*SUPPLIED INFORMATION:*
◆ ◆ ◆ ◆ ◆ ◆ ◆
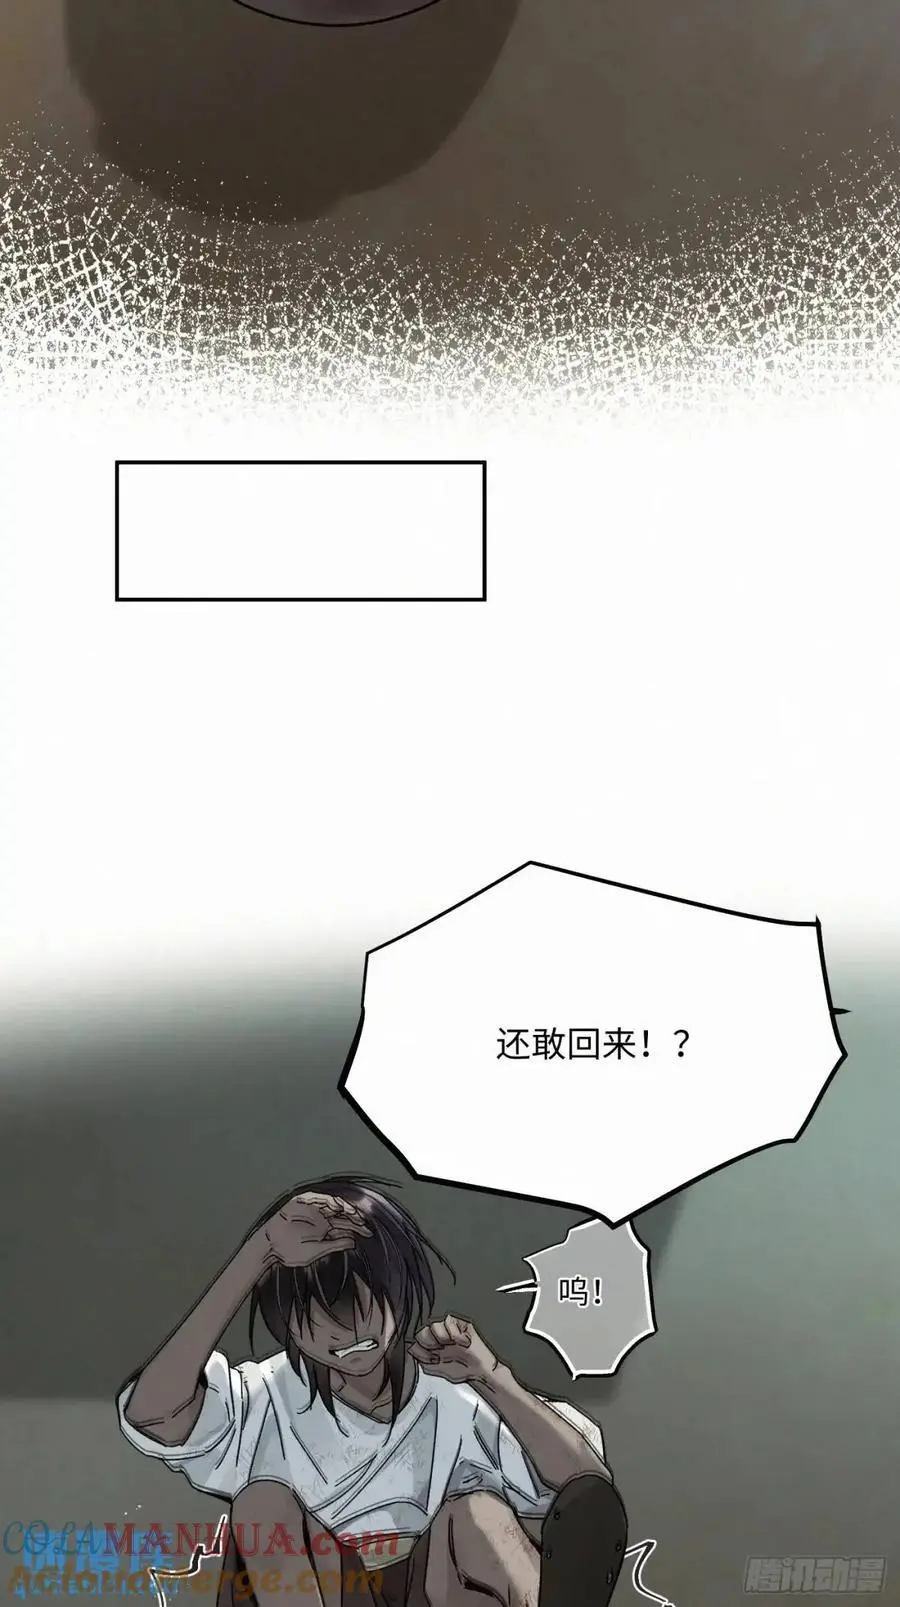 10 chapter · 104
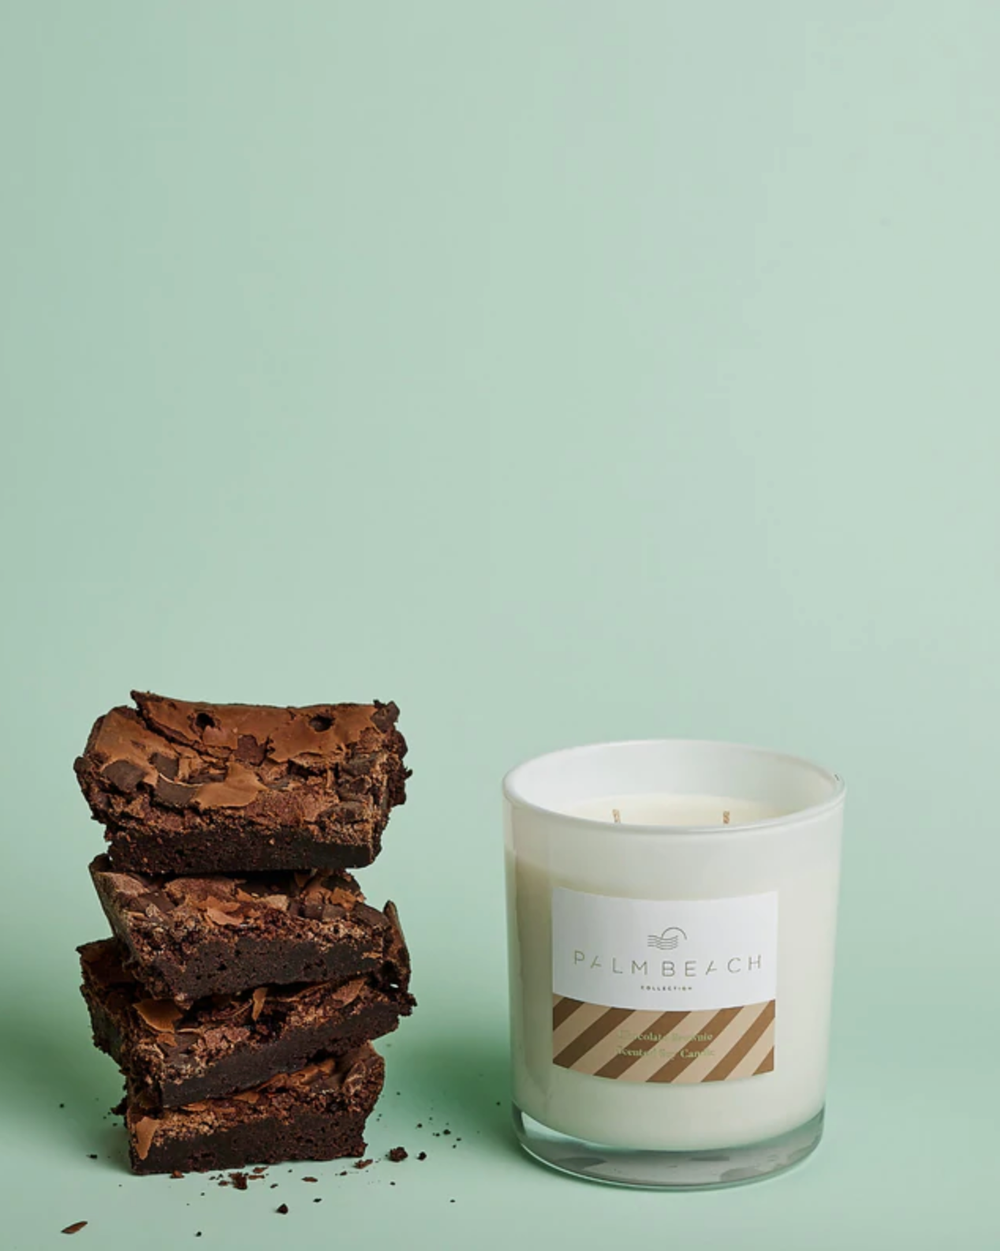 Palm Beach Limited Edition Candle - Chocolate Brownie 420g
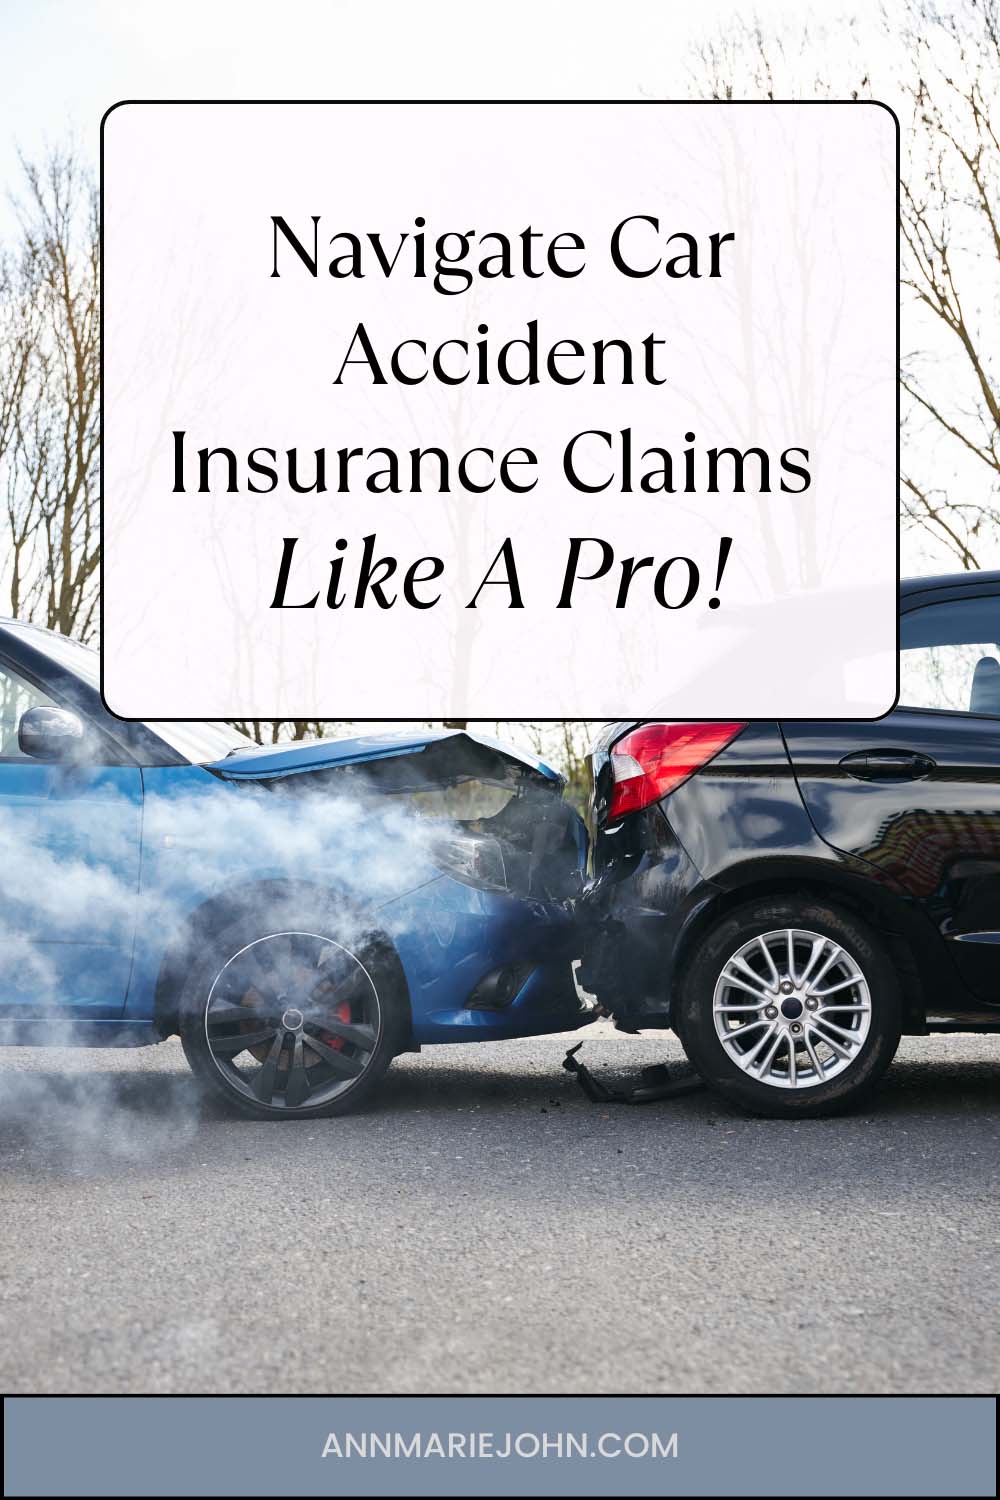 Navigate Car Accident Insurance Claims Like a Pro!
◆ ◆ ◆ ◆ ◆ ◆ ◆
*ABOUT THIS TASK:* Print each line from the one containing "Palm Beach Limited" through the last line of the listing, both included, exactly and with no pictures.

*TASK RESULT:*
 Palm Beach Limited Edition Candle - Chocolate Brownie 420g
 Navigate Car Accident Insurance Claims Like a Pro!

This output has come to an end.